Posted on 07/15/10 in Cover Story, Featured, 1 Comment

Mobile application development straight from the coders’ mouths

With the new eyePhone, you can watch, listen, ignore your friends, stalk your ex, download porno on a crowded bus, even check your e-mail while getting hit by a train.

–Futurama, “Attack of the Killer App”

When a recent episode of Futurama cheekily lampooned our ubiquitous smart phones, the hilarity was derived mostly from recognition – we know acutely what it’s like to do anything and everything on our versatile little devices, whether that makes our life more efficient or more distractible. Whatever we need to do (check mail, order pizza, rent a car, start a revolution), we can do on-the-go with a stunning range of mobile device applications.

And while we may love our Foursquare, our Google Voice, and our Plants vs. Zombies, few of us have any notion of what goes into making these handy digital nuggets of practicality (or frivolity). Shout! asked four local application developers – Andy Peters of Ninth Division, Kevin Berry of Confurrent, Jim Boutcher of Smelly. Puppy., and David McRae, Jr., of Sojern and Systematic Thought – to let us in on the development process and behind-the-scenes details that are part and parcel of everything you love about your eyePhone. Excuse me, iPhone.

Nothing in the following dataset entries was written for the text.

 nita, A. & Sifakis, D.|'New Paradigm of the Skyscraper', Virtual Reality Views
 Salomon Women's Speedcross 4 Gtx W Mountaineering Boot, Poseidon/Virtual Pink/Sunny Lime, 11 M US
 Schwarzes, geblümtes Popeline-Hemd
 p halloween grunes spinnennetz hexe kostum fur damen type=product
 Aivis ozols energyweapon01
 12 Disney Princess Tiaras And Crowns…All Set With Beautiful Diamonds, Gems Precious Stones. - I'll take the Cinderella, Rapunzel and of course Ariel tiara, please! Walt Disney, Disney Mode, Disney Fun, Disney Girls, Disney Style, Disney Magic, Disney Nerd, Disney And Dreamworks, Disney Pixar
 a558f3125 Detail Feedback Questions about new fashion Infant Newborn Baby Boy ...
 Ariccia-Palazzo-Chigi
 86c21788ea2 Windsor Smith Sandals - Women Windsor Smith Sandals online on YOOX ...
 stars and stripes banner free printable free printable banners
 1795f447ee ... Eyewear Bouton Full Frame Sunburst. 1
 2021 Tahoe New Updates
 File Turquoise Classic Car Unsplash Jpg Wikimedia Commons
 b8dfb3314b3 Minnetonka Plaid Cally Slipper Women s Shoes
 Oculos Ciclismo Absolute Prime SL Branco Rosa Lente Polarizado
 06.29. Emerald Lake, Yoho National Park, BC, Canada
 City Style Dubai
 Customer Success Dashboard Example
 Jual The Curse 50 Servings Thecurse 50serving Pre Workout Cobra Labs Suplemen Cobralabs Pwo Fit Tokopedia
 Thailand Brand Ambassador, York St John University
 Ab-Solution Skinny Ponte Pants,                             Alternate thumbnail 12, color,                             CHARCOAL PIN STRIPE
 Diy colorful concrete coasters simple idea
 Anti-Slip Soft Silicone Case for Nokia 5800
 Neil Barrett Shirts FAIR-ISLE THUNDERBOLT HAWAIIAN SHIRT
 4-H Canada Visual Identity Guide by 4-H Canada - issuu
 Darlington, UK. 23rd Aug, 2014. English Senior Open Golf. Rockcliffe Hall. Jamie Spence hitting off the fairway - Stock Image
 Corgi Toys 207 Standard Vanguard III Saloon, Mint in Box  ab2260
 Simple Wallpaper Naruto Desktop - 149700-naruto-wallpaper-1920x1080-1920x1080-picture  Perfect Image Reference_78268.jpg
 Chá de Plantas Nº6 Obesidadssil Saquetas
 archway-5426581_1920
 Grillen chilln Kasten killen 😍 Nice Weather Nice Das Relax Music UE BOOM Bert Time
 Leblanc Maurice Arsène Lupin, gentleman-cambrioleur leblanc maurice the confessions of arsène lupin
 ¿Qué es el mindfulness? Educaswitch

The exact process of app development may differ from company to company, depending on client needs, platforms, and personalities, and “the process from start to finish is quite fluid,” said Peters. Still, here are five steps that most applications will see before they ever hit your screen.

The idea.

When creating applications for a client, this means sitting down, understanding their business and their needs, and determining the direction of the project – much like any client meeting in any industry. And for the developers who create applications for themselves, the ideation often comes from a problem and a proposed solution.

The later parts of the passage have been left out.